Single by Mutemath

from the album Mutemath
- Released: January 15, 2008 (radio)
- Recorded: Nashville, Tennessee
- Genre: Rock
- Length: 4:38
- Label: Teleprompt/WBR
- Songwriters: Paul Meany Darren King Adam LaClave
- Producers: Tedd T Mutemath

Mutemath singles chronology
| "Flesh and Bones Electric Fun" (2007) | "Control" (2008) | "Spotlight" (2009) |

= Control (Mutemath song) =

"Control" is a song written by rock band Mutemath. It's the second radio single from their self-titled debut album. The single was released to radio in January 2008. A digital single followed in February 2008. The song was written by Paul Meany, Darren King, Roy Mitchell-Cárdenas and Greg Hill. It was originally released on Reset EP in 2004. The song is also featured as downloadable content for the Rock Band series of video games.
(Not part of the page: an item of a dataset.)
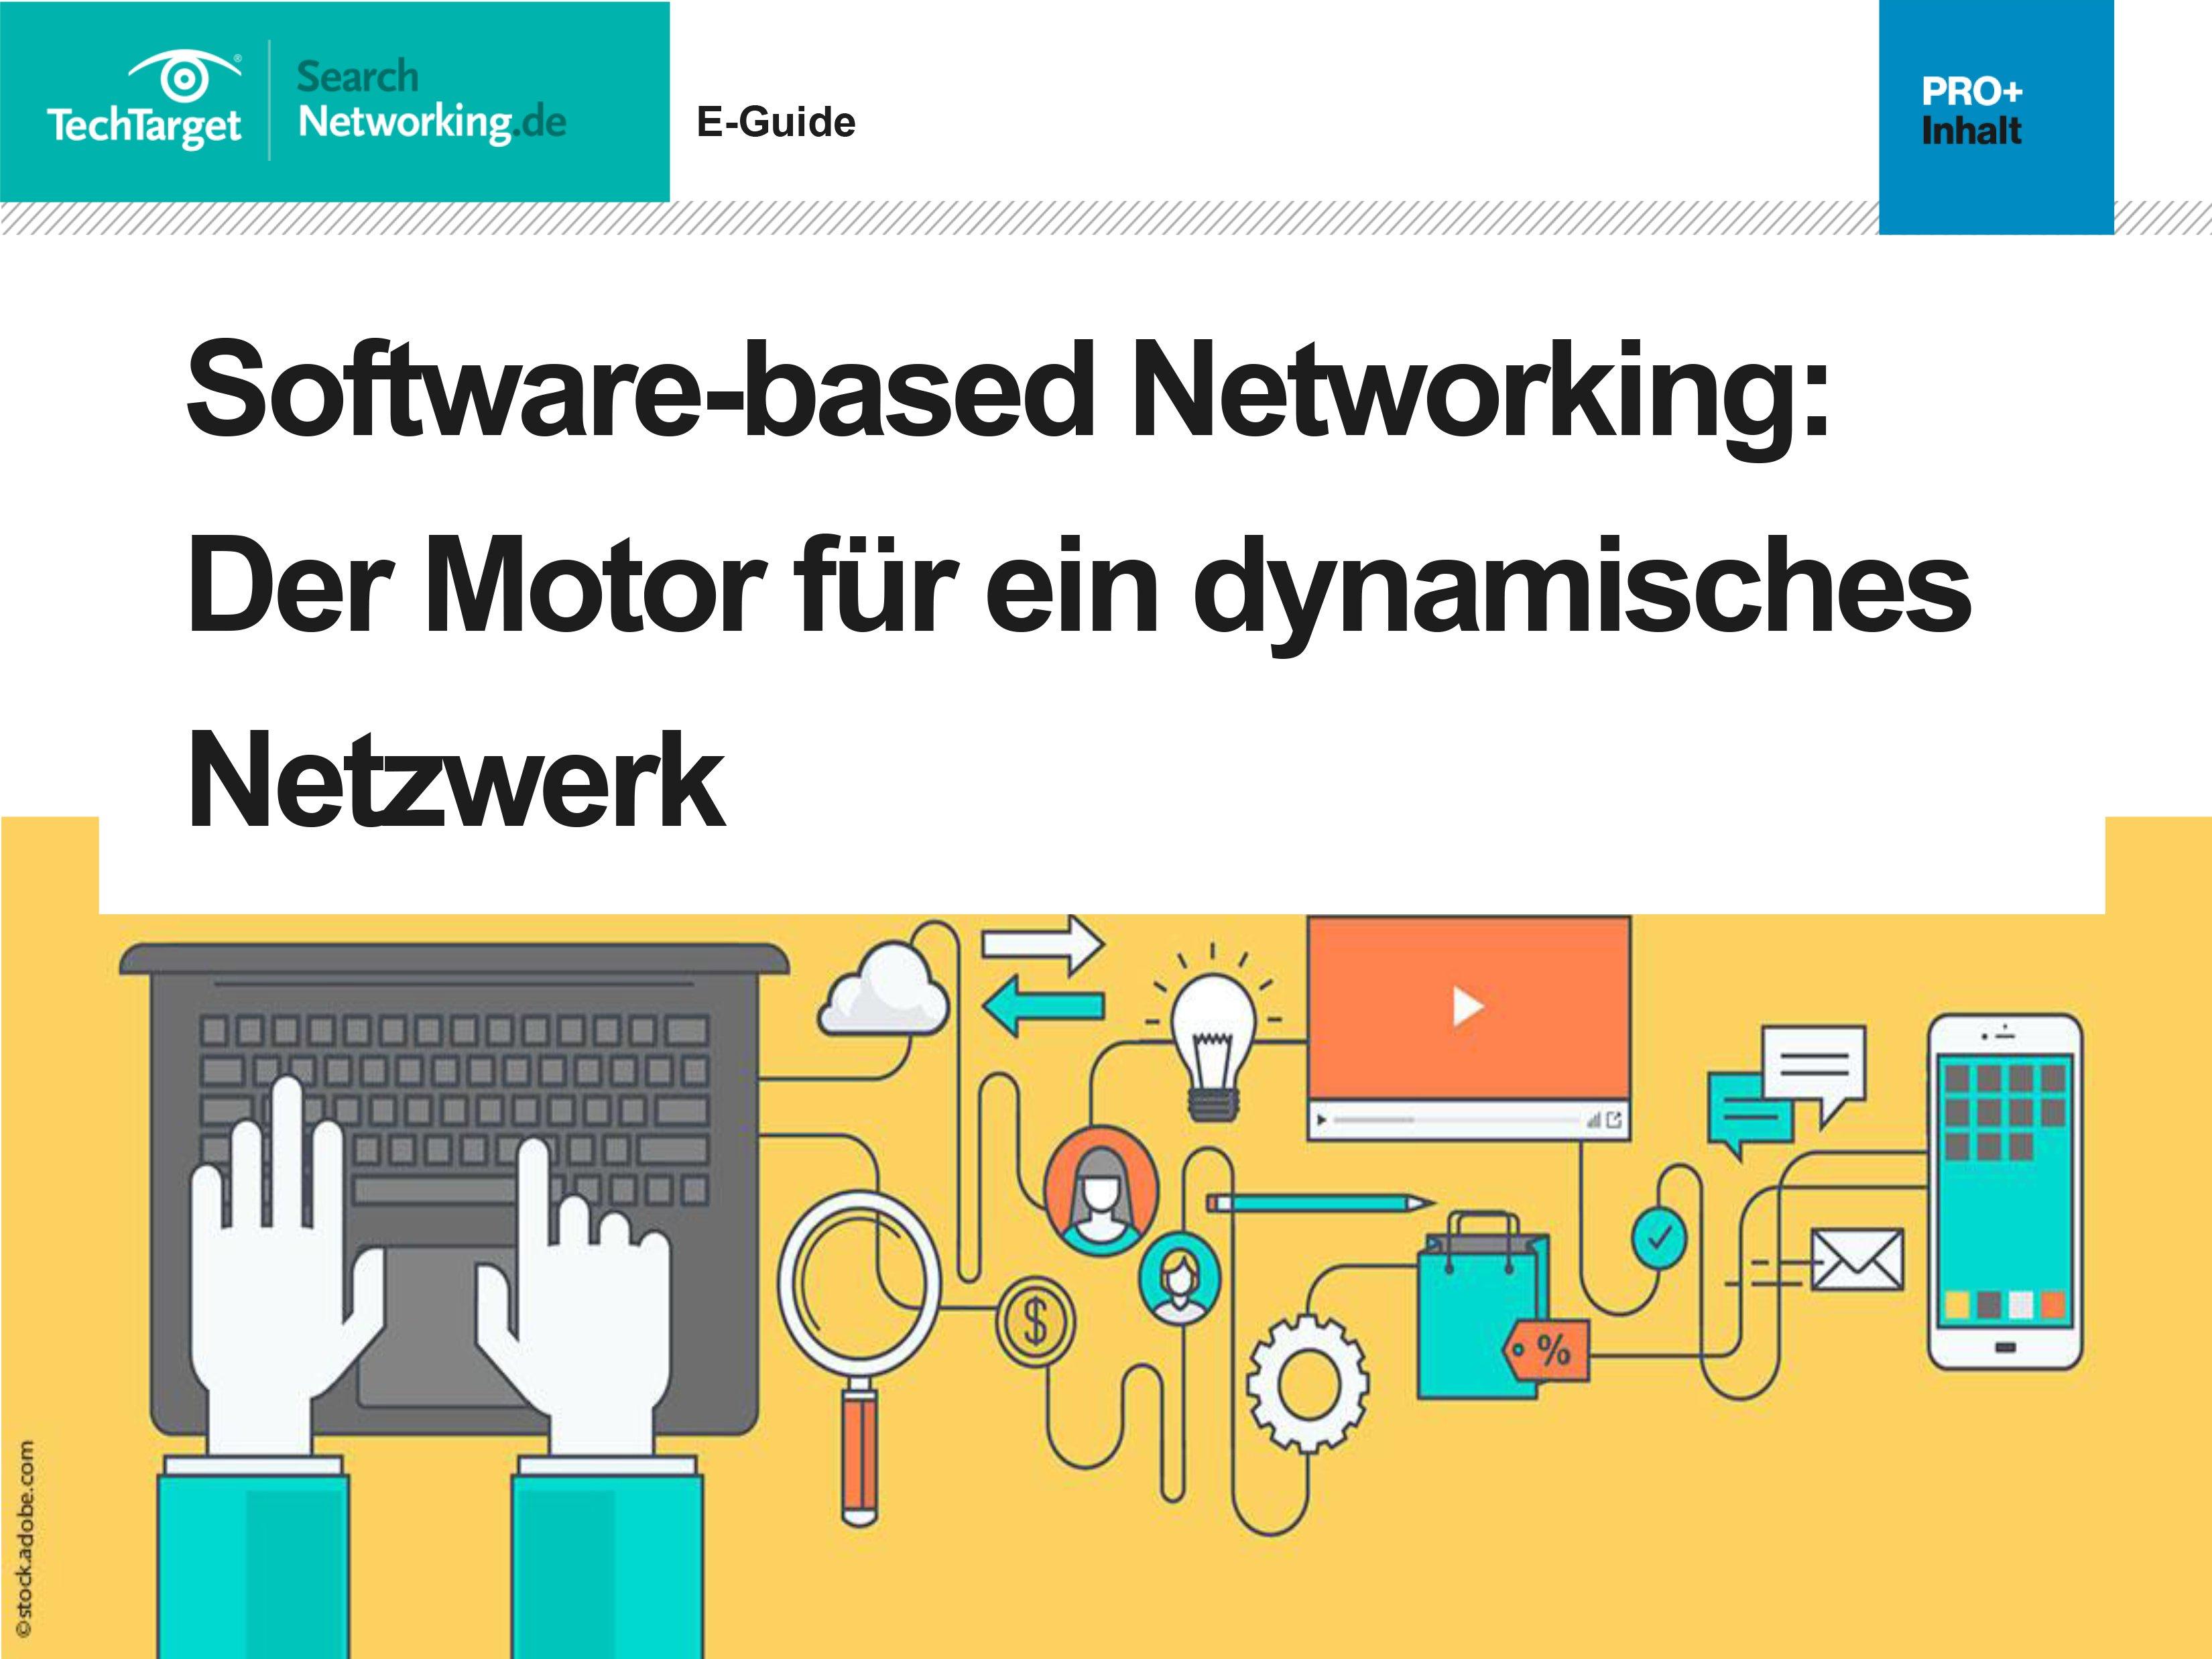 Netzwerk Technologie Und Management Informationen News Tipps Yamaha Motor Vega Force Db Sw Software Based Networking Der Fr Ein Dynamisches

The song won a Dove Award in 2005 for Best Modern Rock Song of the Year.

==Music video==

The Craigslist ad for extras stated that it is a "highly stylized concept" that requires at least 300 extras. As of 2021, the music video has not been released yet due to copyright issues in regards to a similar, previously released clip from a European group. However, the music video was included on the DVD of the fall Armistice tour, filmed at Gurgaon, Haryana, India. A leaked version of the clip can be found here.

==Awards==

The song won a 2005 GMA Dove Award for Modern Rock Recorded Song of the Year.